Cher monsieur, je réponds avec plaisir à votre démarche, en vous envoyant un court et fidèle récit de la conversion et de l’heureuse mort de mon frère. Salomon a dit que la fin d’une chose vaut mieux que son commencement; grâce soient rendues à notre miséricordieux Seigneur, cette parole vient d'être encore une fois pleinement réalisée, et je puis la répéter ici dans la joie de mon cœur.

Le frère chéri que j’ai récemment perdu a mené une conduite honnête et irréprochable selon la loi, depuis ses plus jeunes années. Comme étudiant, il avait obtenu les témoignages les plus flatteurs et les plus honorables de la part de ses professeurs, qui le présentaient souvent à ses condisciples comme un sujet d'imitation. Ces éloges lui attirèrent l’envie du petit nombre et l’estime de tous les hommes distingués.

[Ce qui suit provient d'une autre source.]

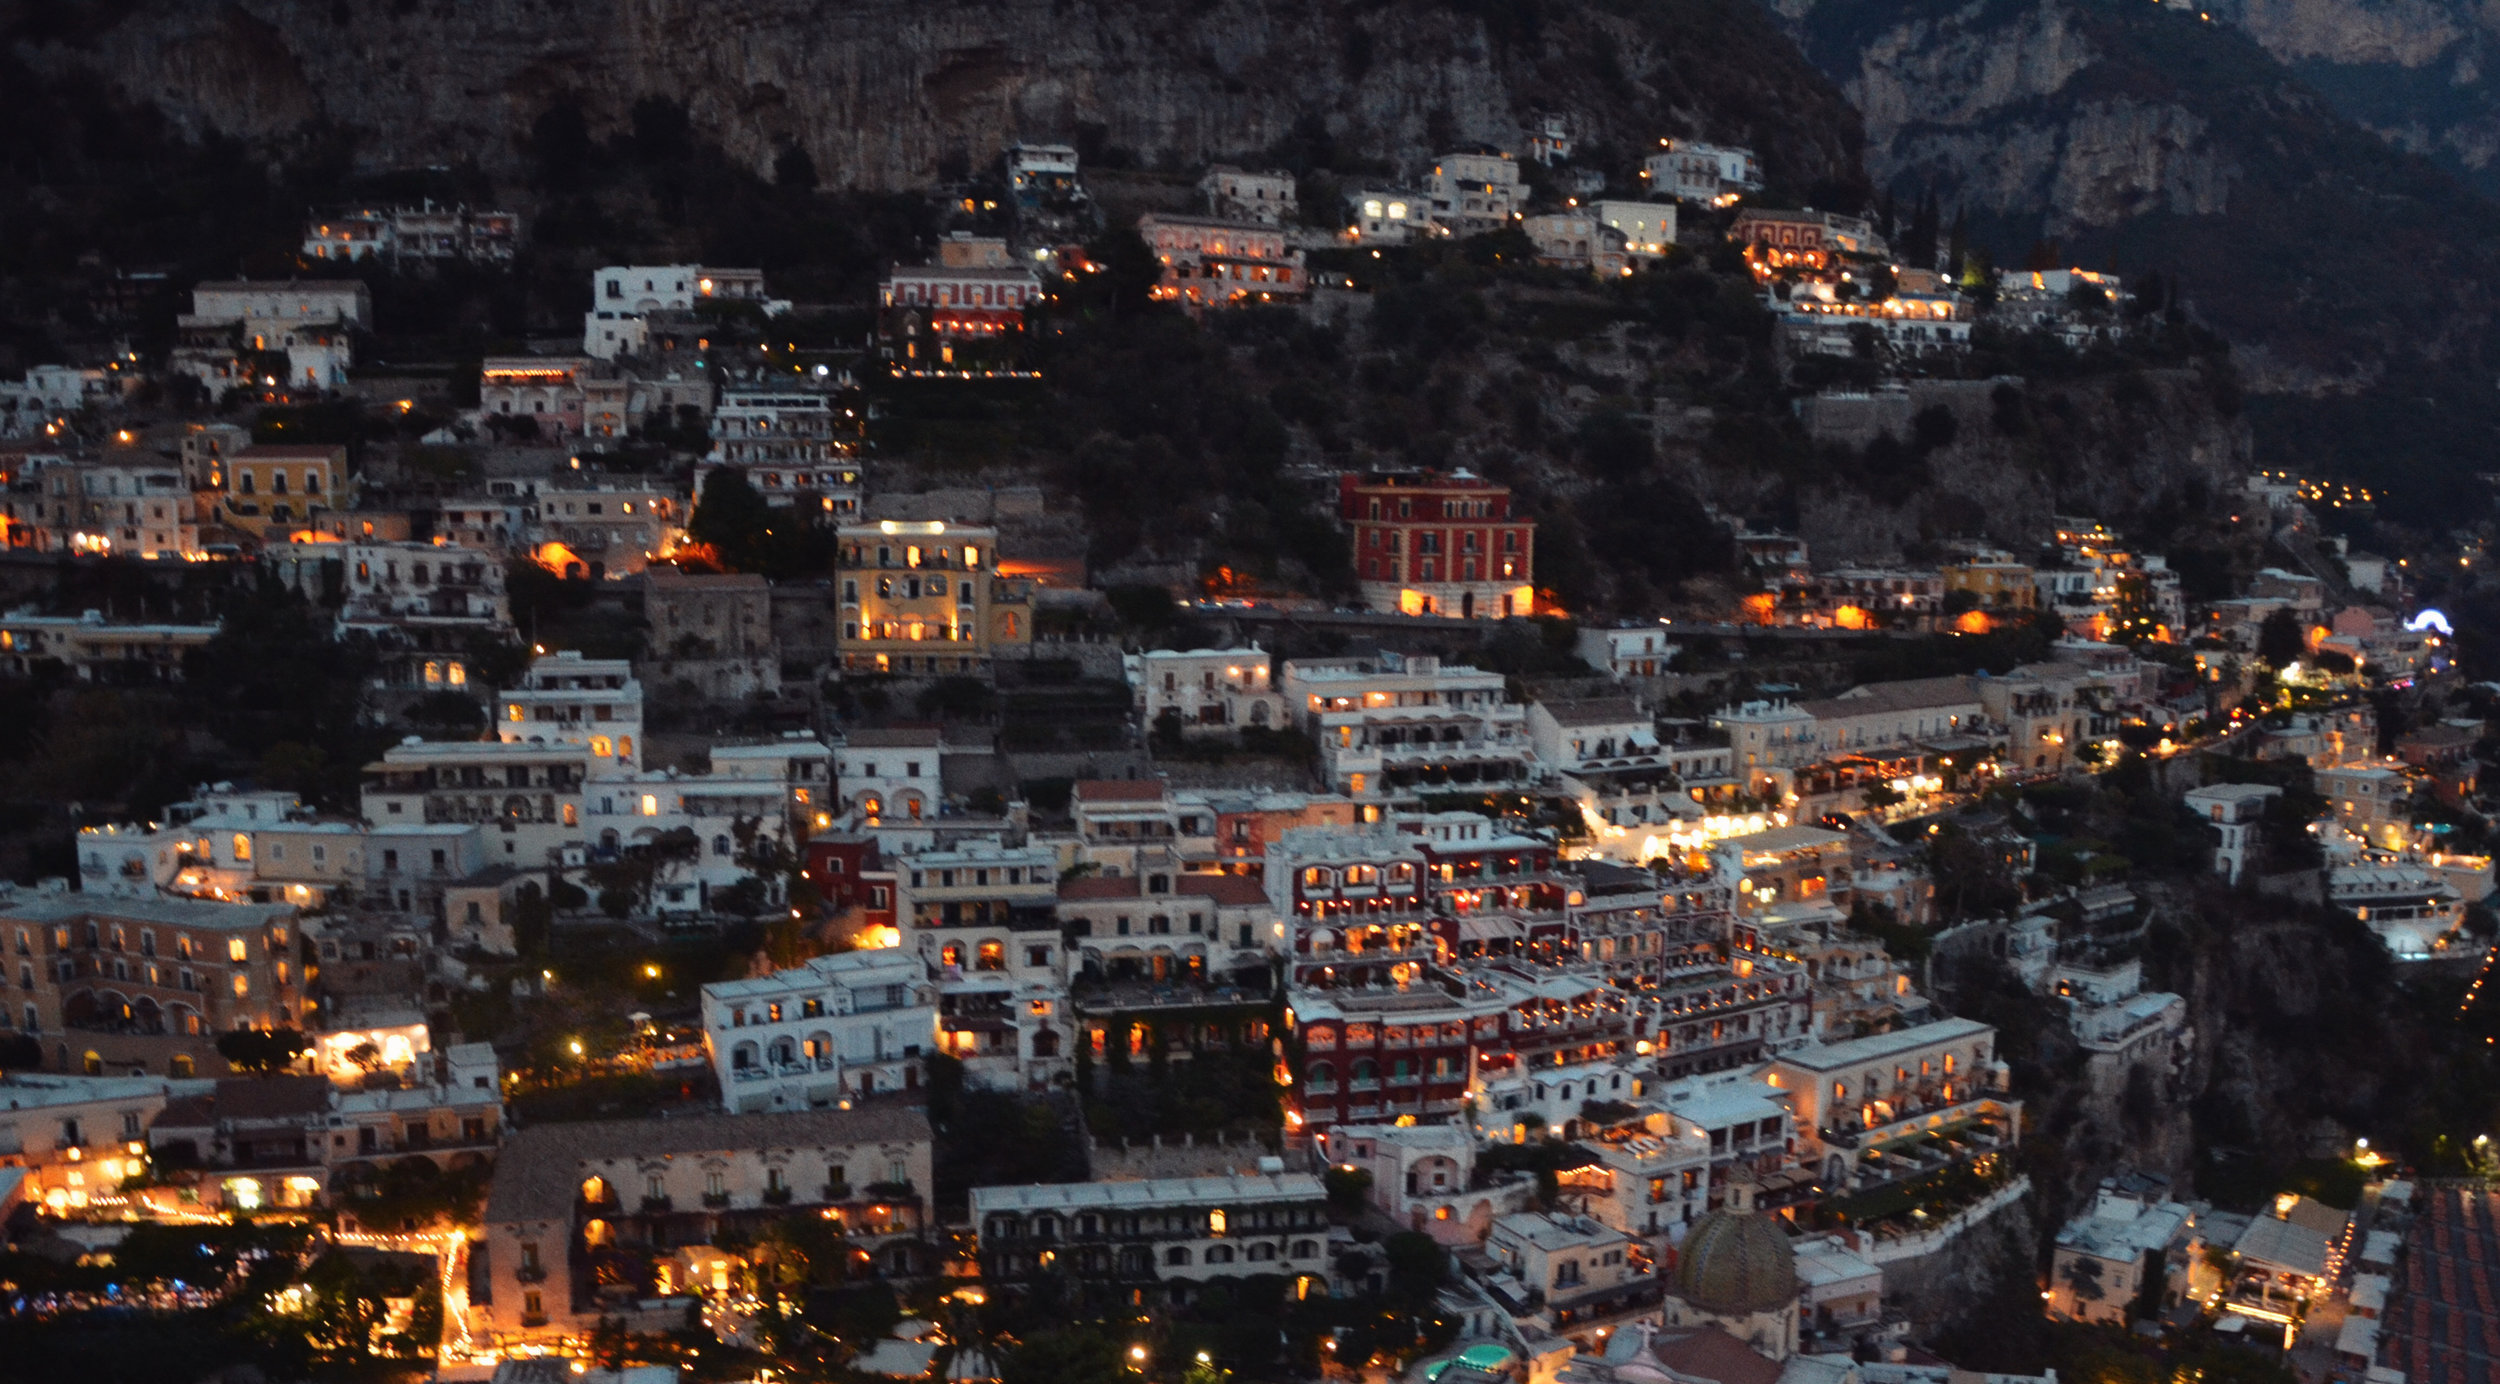 THE NIGHT LIGHTS OF POSITANO

Mon frère n’était pas insensible aux louanges de ses maîtres; il appréciait son mérite; mais l'ignorance où il vivait sur l'état de son propre cœur, et sa confiance dans sa justice personnelle, augmentèrent avec les années.


À l'université de H....., il fit des études en théologie, mais il n'entendit et n’apprit rien de la théologie de Christ, rien de l'Homme-Dieu, qui ne nous est pas seulement donné dans l’Évangile comme un docteur de morale, mais qui s'offre surtout à nous comme la victime de propitiation pour nos péchés, et comme le Médiateur entre un Dieu saint et des créatures rebelles.

Mon frère ne trouva point en Jésus le chemin, la vérité et la vie.

Au contraire, il s’attacha spécialement aux professeurs qui avaient banni l’orthodoxie de leurs leçons, comme une vieille doctrine tombée en désuétude, et la croix de Jésus-Christ lui devint de plus en plus un scandale et une folie.

Il se jugea trop vertueux pour avoir besoin d’un Rédempteur, et trop juste devant Dieu et devant les hommes pour se revêtir de la justice d'un autre, soit dans ce monde, soit dans le monde à venir.


Lorsqu'il sortit de l'université, il était déiste, dans le plus mauvais sens de ce mot.

Sa croyance en Dieu n'était rien de plus que l'idée vague et flottante qu'il devait exister une Divinité, qui accordait quelque attention aux affaires de ce monde. Il ne confessait pas autre chose devant ses amis que l'existence de Dieu.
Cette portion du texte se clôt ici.